AWS Storage Gateway is a hybrid cloud storage service that gives you on-premises access to virtually unlimited cloud storage.

Storage Gateway enables you to reduce your on-premise storage footprint and associated costs by leveraging Amazon S3 Cloud Storage.

System Manager

If a SysOps Administrator is attempting to use AWS System Manager Session Manager to initial a SSH session with an Linux EC2 instance, and cannot find the target instance in Session Manager console, the SysOps Administrator need to

  1. Add System Manager permission to the instance profile
  2. Install System Manager Agent on the target instance


Static site Hosting

When using static site hosting features with S3, if you received 403 Forbidden Access Denied error, SysOps needs to add a bucket policy to grant everyone to read access to bucket objects.


If there the requestments is to archive data to be retained for at least 7 years, a SysOps Admin need to configure

  • AWS S3 Glacier Vault Lock policy

S3 Glacier Vault Lock allows you to easily deploy and enforce compliance controls for individual S3 Glacier vaults with a vault lock policy.

Virtual Private Cloud (VPC)

If a developer has issues with connectivity issues with a particular port, a SysOps need to check

  • Security Group is correct configured to allow that port
  • Network ACL is using default configuration

If all the above steps are not working, VPC Flow logs will show all the details.

VPC Endpoint

A VPC endpoint enables you to privately connect your VPC to supported AWS services and VPC endpoint services powered by AWS PrivateLink without requiring an internet gateway, NAT device, VPN connection, or AWS Direct Connect connection. Endpoints are virtual devices. They allow communication between instances in your VPC and services without imposing availability risks or bandwidth constraints on your network traffic.

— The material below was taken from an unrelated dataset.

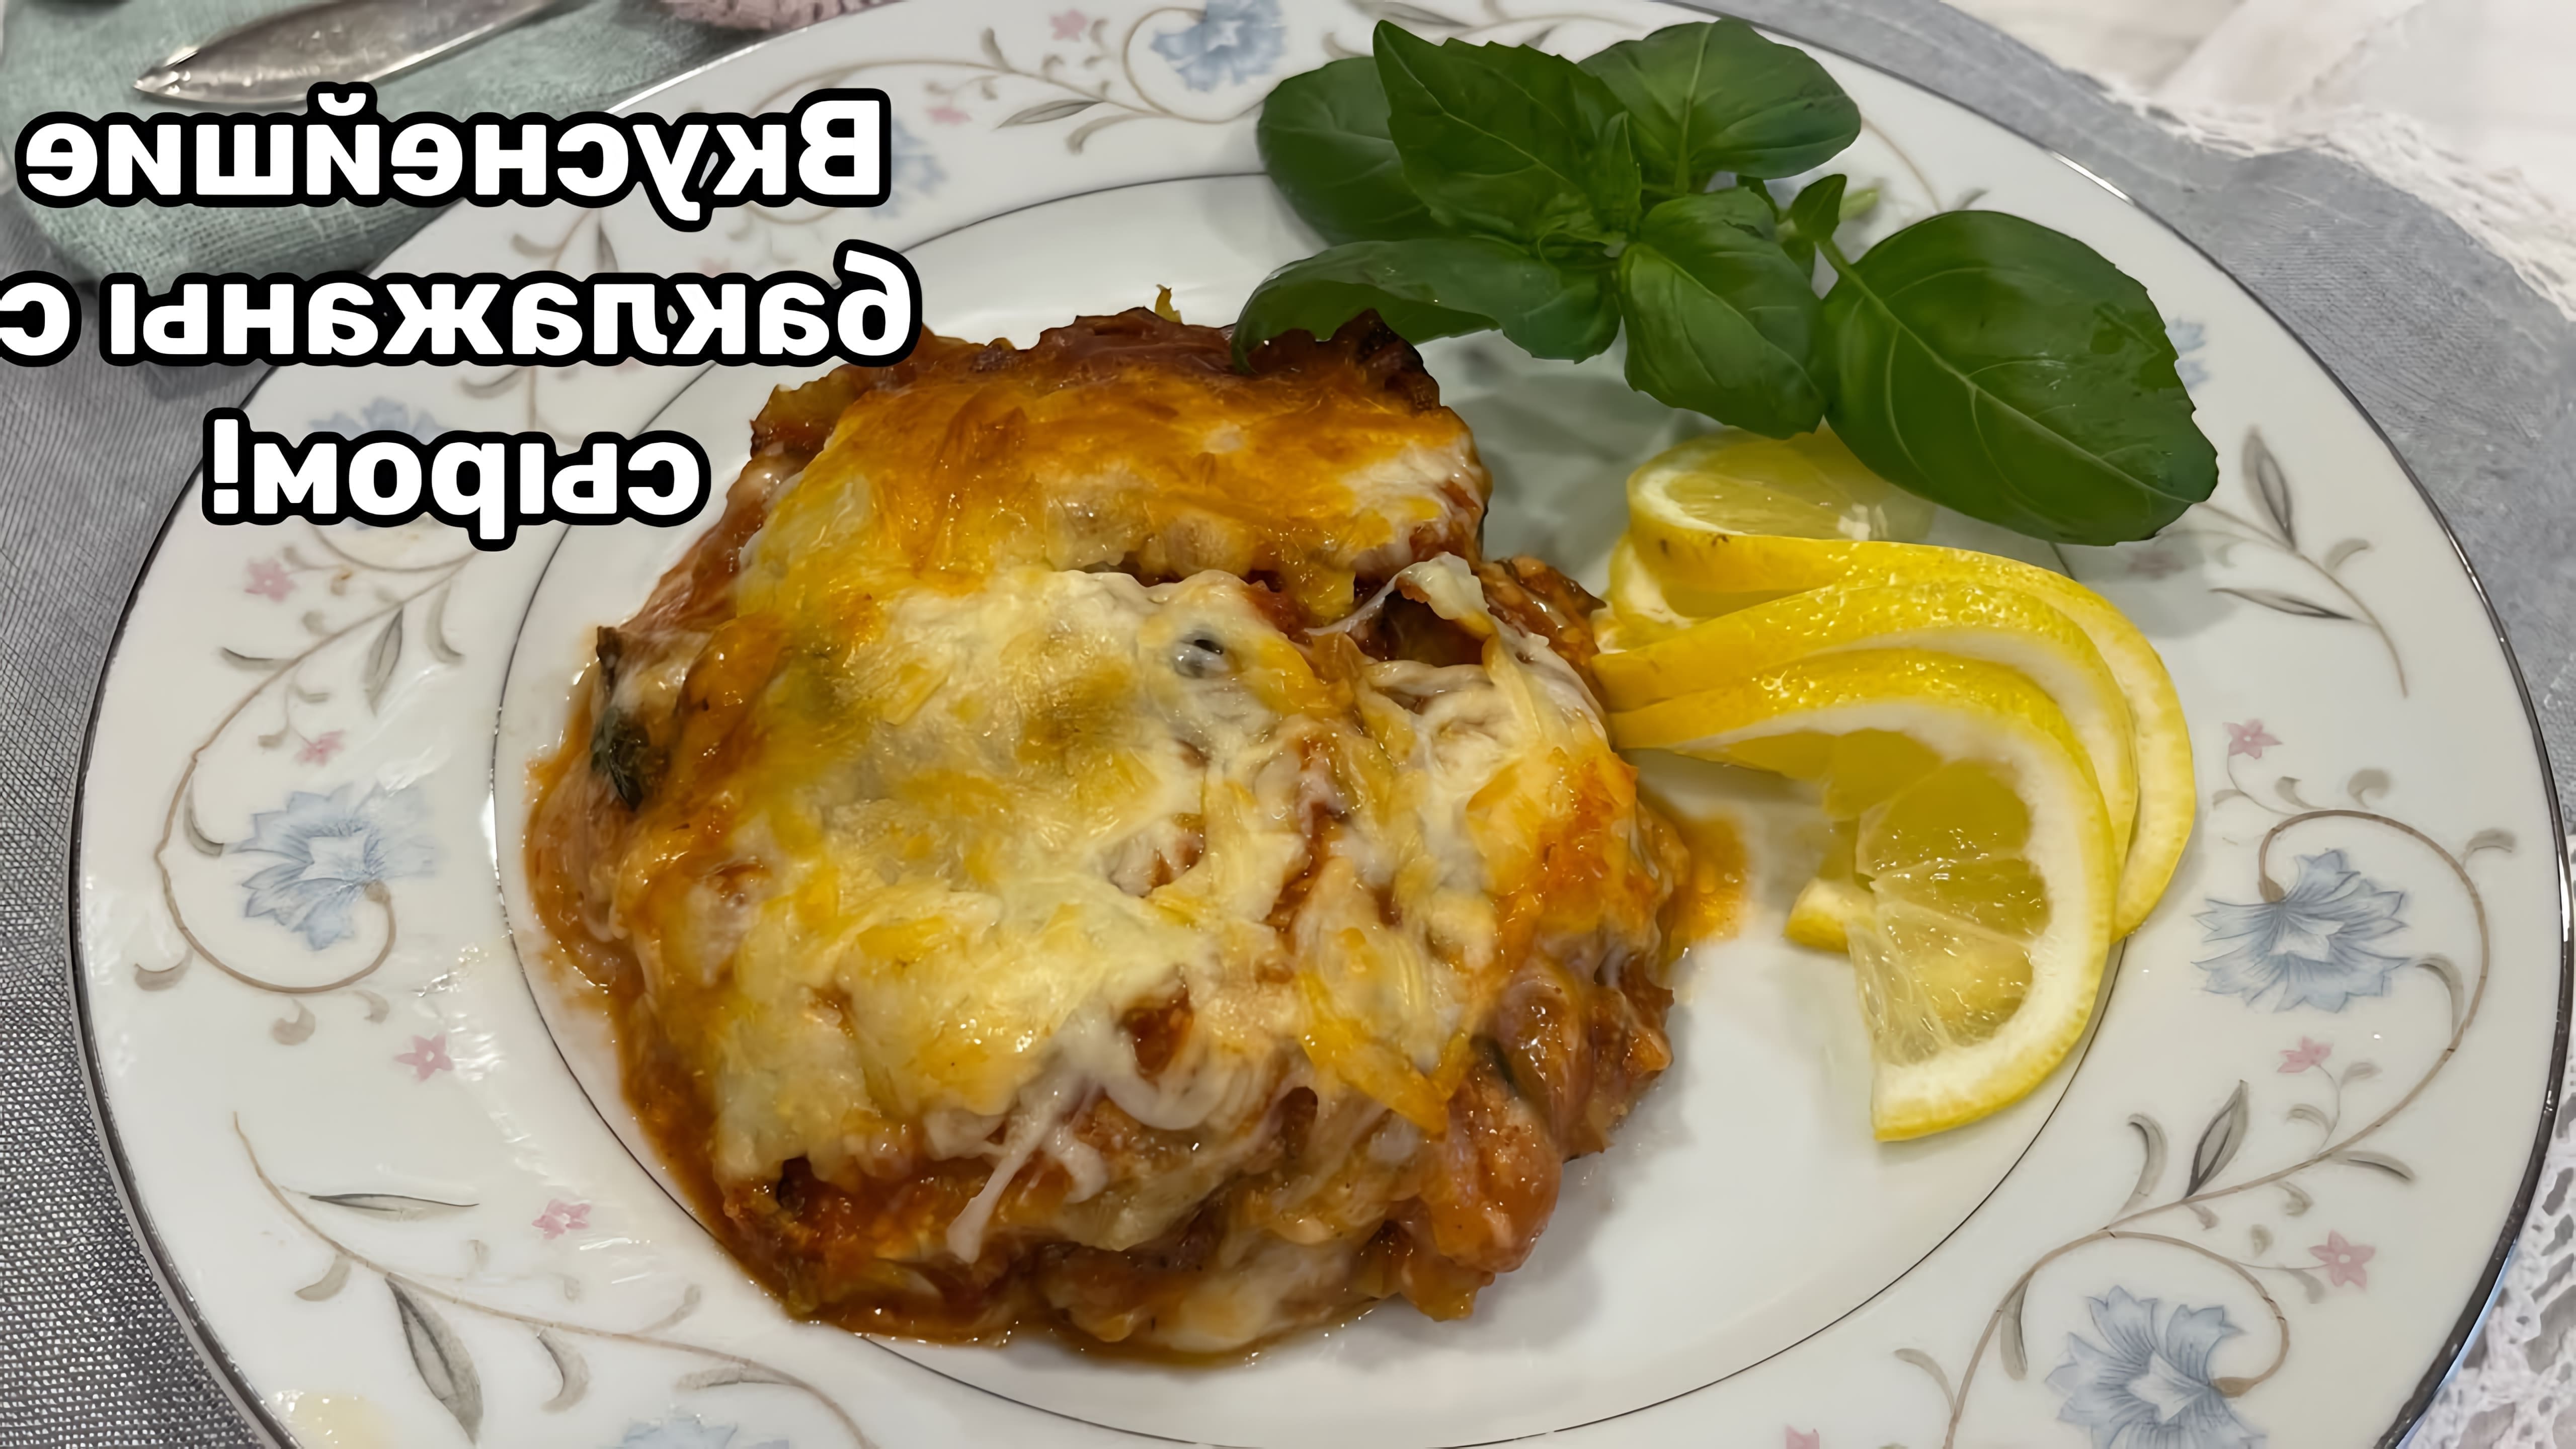 В этом видео демонстрируется рецепт приготовления итальянского блюда "Баклажаны с сыром пармезан и Моцареллой Eggplant Parmesan"

Web Application Firewall (WAF)

AWS Web Application Firewall service is the most commonly used solution for protection form XSS and web application attacks.

If you observes a large number of rogue HTTP requests on an Application Load Balancer, SysOps can use AWS WAF rate-based blacklisting to block this traffic when it exceeds a defined threshold.

If you observe 404 errors are being sent to one IP address every minute, SysOps should to use WAF to block this suspected malicious activity.

General Network


ping operate by sending internet Control Message Protocol (ICMP) packets to the target host and wait for an ICMP echo reply.

Common Vulnerabilities and Exposures report (CVE)

To get HTTP layer 7 status code, you can use

  • Application Load Balancer (ALB) access logs
  • CloudFront access log

Network Address Translation

Network Address Translation (NAT) is a method of remapping an IP address space into another by modifying network address information in the IP header of packets while they are in transit across a traffic routing device.

internet Gateway

An internet Gateway is a logic connection between an Amazon VPC and the internet.

  • It is not a physical device
  • Only one internet Gateway can be associated with VPC
  • It does not limit the bandwidth of internet connectivity
    • The only limitation on bandwidth is the size of the Amazon EC2 instance, and it applies to all the traffic

If a VPC does not have an internet Gateway, then the resources in the VPC cannot be accessed from the internet

NAT vs internet Gateway

A NAT Gateway does similar things like internet Gatway, but with two main differences:

  1. NAT Gateway allows resources in a private subnet to access the internet. Think yum update, external database connections, wget calls, etc.
  2. NAT Gateway only works one way. The internet at large cannot get through your NAT to your private resources unless you explicitly allow it.